What are you talking about "don't talk crap" ??????????????
If you read my post properly i said "I've heard" not saying its 100% truth but its again WHAT I HAVE HEARD!!!!


----------



## Todesengel (May 25, 2011)

I use an ICEBOX water cooler for my 1000w along with a chiller. The icebox removes all the heat(minus the little bit coming off the glass), and brings the exhaust temp to 75 degrees with a 65degree chilled water. Even my hood, stays cool to the touch and emits almost no heat. Why worry about the heat, when you can remove it all together? You will use a little more in electricity, but you can also use this as an air conditioner.


----------



## whileilaydying (Jun 18, 2011)

ive got a dark room grow tent that is 2x2 x 5' tall and ive got two 150 hps lights in there with a intake fan and a exhaust fan blowing the heat straight into my room, i mean honestly its not enough heat to make me uncomfortable, but for the smell factor i have a fan in my window blowing out the air from my room, im in the second story of my house and last night i had a plane, not a chopper fly over my house at about dusk and it continued to do this two more times. now im wondering if possibly they had a ir on a plane instead of a chopper considering im in a rural area and im in a farm county. could anyone tell me if im just being overly paranoid or if its a legit concern. also ive never been in trouble with the law and no cops have ever been here. just adding that in. any help would be greatly appreciated


----------



## Nubby Tubbs (Jun 18, 2011)

i would think that an RPG would be handy in this situation.


----------



## WeeGogs (Jun 18, 2011)

kalianepic said:


> Build it underground. Seriously, you'll need at least four feet of dirt over the whole building to block the thermal signatures. You can call it a bomb shelter, cause that's where the bomb is sheltered. Other than that, you're fucked without a medcard. A strong heat signature coming from an out building that is not meant to be living space looks suspicious indeed. Remember, you will always be better safe than in prison.

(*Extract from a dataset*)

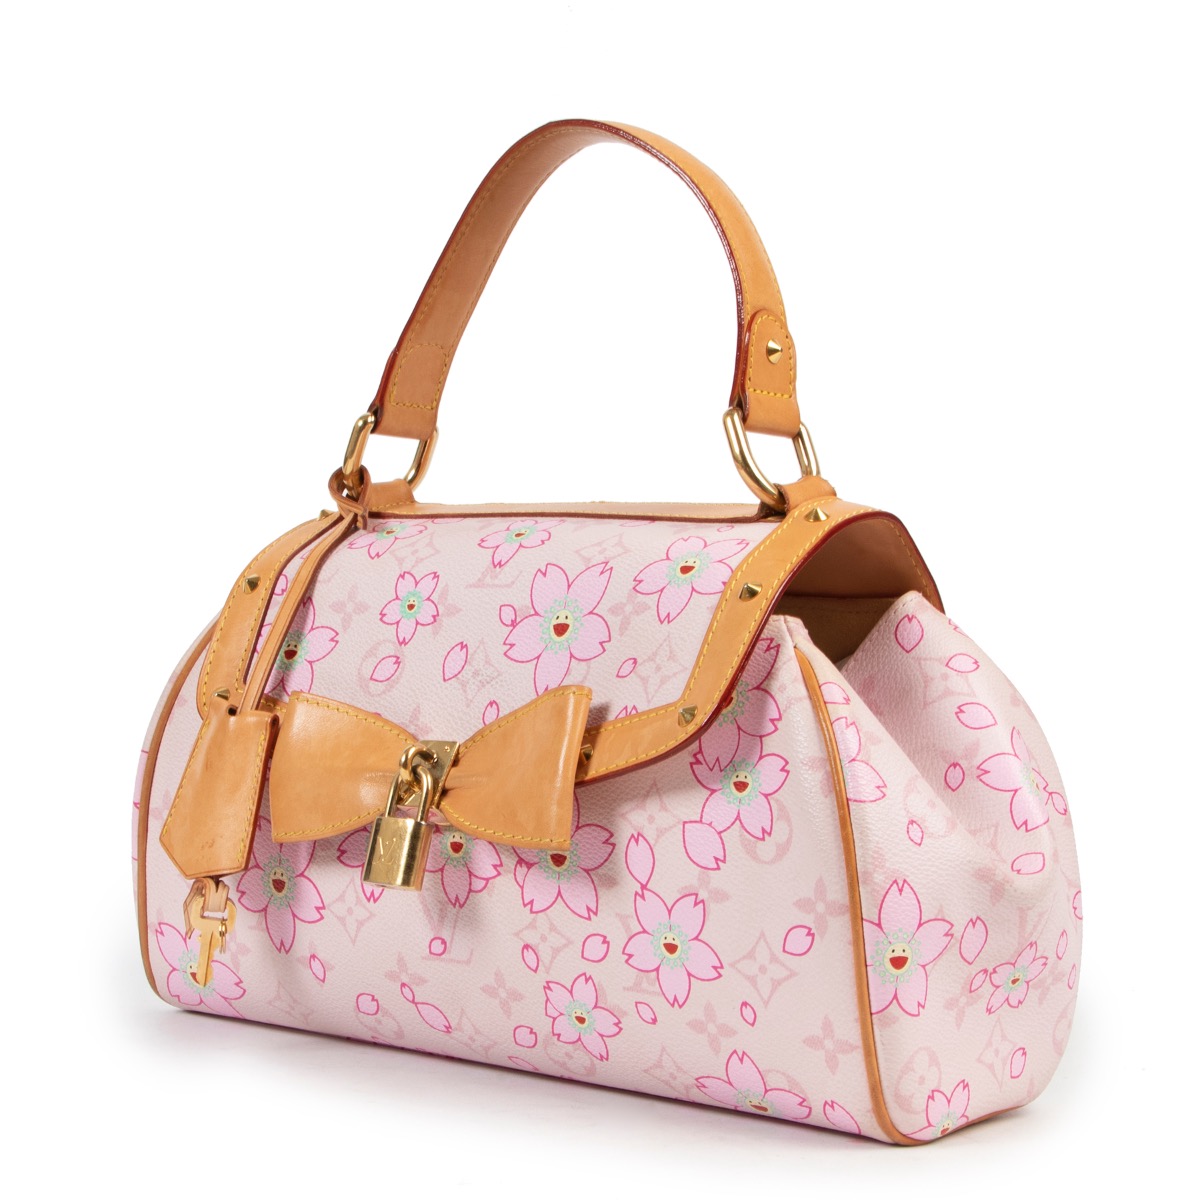 My replica Louis Vuitton Sac Retro Cherry Blossom bag 🌸

you can call it a bomb shelter..................
bacause that is where the bomb is sheltered...........
are you one of those muslim fanatics................... LMFAO...
and did you get your pilots licence for taking off only.


----------



## kanx (Jun 18, 2011)

It isn't full proof , but it helps limit your chances of getting caught a little bit , but running your light's at night time helps imo.

Well where I live there is rarely a chopper out late at night , unless there looking for stolen car etc, any sort of thermal detection would get done during the day imo, due to noise from the chopper's.

Just my theory ofc , not saying it's 100% , but I feel it deffo helps provide some sort of cover , also blocking off the wall facing outside of your house with a couple of layer's of black sheeting(leaving about 1 foot, between the wall and the sheeting) , helps keep that area shaded a little and is usually alot colder than the none shaded parts near the lights( the area your growing in).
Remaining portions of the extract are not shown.